Keesokan harinya, matahari belum nongol, ayam belum
berkokok, alarm pun belum berbunyi, tapi gue udah bangun dan berpakaian rapi,
layaknya orang yang mau nikah. Eits, tapi tunggu dulu, kan gue mau mandu
wisatawan bule, jadi gue musti rapi, bersih, dan mengkilat. Hahaha, dikira gue
ini piring kali. Yah…. Walaupun ini bukan kali pertamanya gue mandu wisata bule,
tapi, yah…. Semoga aja ada bule cantik. Iya gak sich?
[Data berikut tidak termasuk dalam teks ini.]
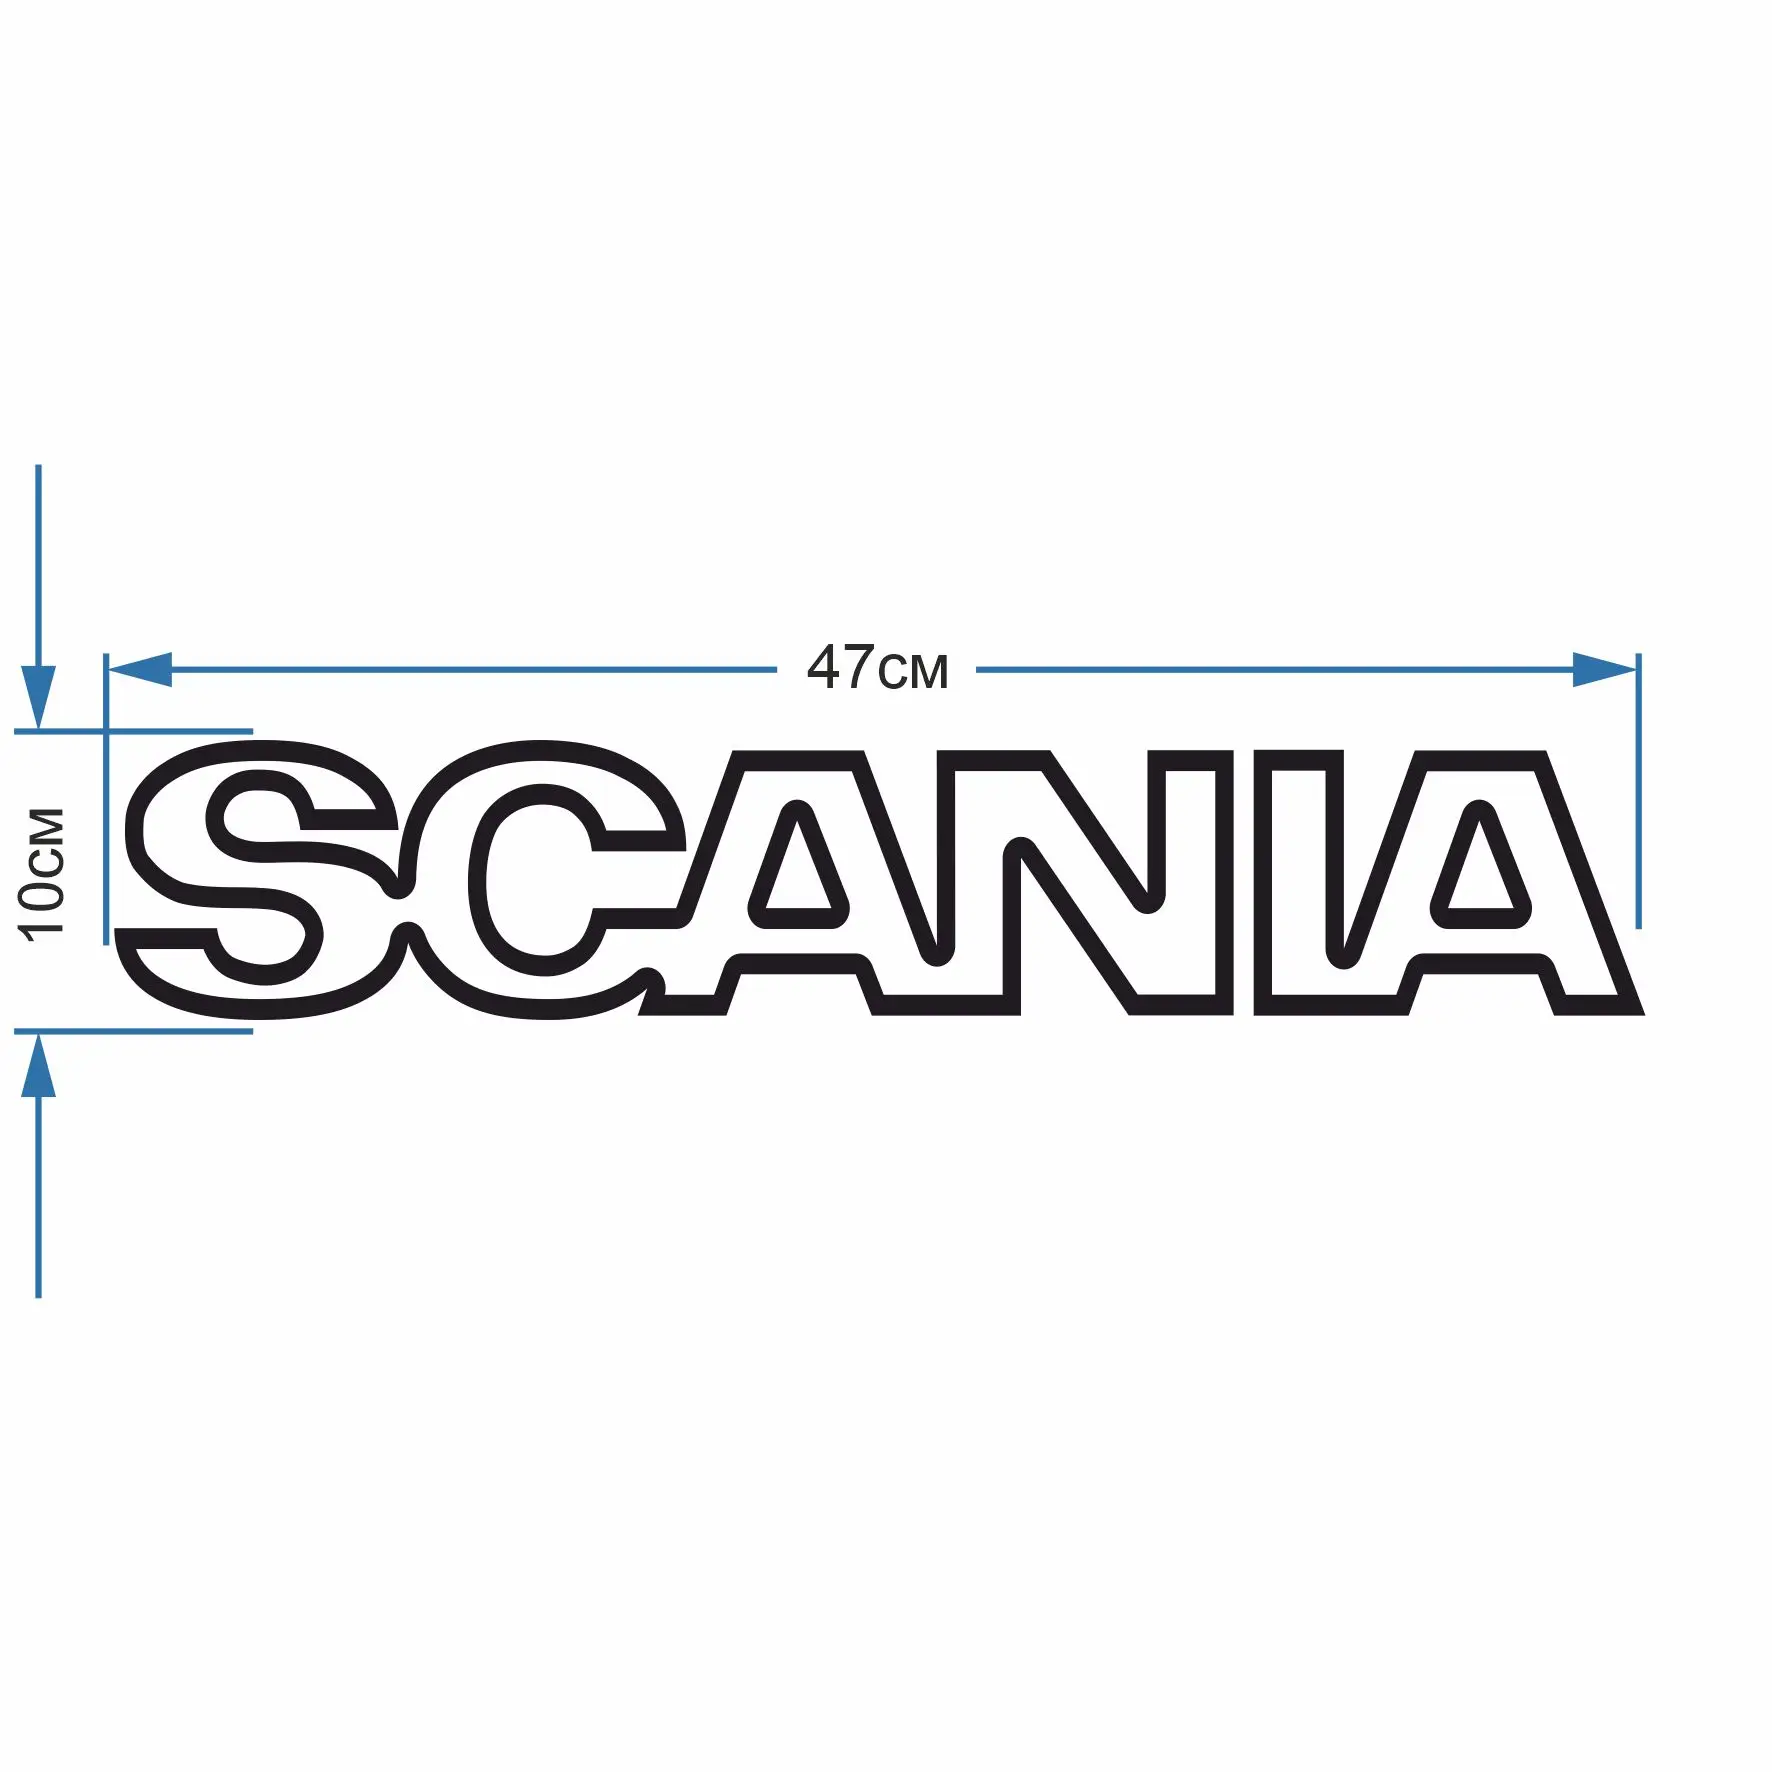 Sticker for Scania truck (window), set 2 pcs. On different sides of the  machine, для грузовых авто, скания, на окна комплект наклеек - AliExpress

Hehe, namanya juga usaha,
Iya gak?
Setelah gue udah dandan rapi, dan sarapan dengan
perut kenyang, gue langsung keluar dari kontrakan gue.
Setiba di Candi Cangkuang, tempat gue kerja, tiba-
tiba….
“Rapi amat dandananmu hari ini, kalo liat kamu rapi
amat kayak gini, kamu mirip Raffi Ahmad dech, yang artis itu lho!” ucap Bos.
“Bos bisa aja!” ucap gue sambil tersipu malu.
“Eh, bisa- bisa kamu menang di “Miss Universe”!”
ucap Bos sambil tertawa.
“Bos, sekalian aja, “Miss Indonesia”, terus “Miss
Cangkuang”, sekalian “Miss Rempong”,” ucap gue.
“Muka mu kok kusut sich? Jangan gitu donk, nanti
bedakmu luntur” Ucap Bos.
“Bos menghina yah? Aku jarang pake bedak! Nanti
cucok donk! Ogah ah…. Ngelanggar takdir donk, kalo aku kayak gitu” Ucap gue.
“Ya udah lah! Tuh liat, ada bule! Kerja dulu sana,
ada bule cantik tuh!” suruh pak Bos.
Aku, eh gue pun menghampiri si bule. Yah…. ternyata,
bukan bule cakep, umurnya juga, keliatannya antara 30 tahunan lah. Tapi, pelanggan
adalah raja. Jadi, harus tetap ngelayani donk.
“Hi Miss” ucap gue
“Hello, what is your name?”
Tanyanya. SKSD (So Kenal,So Dekat) juga nih bule.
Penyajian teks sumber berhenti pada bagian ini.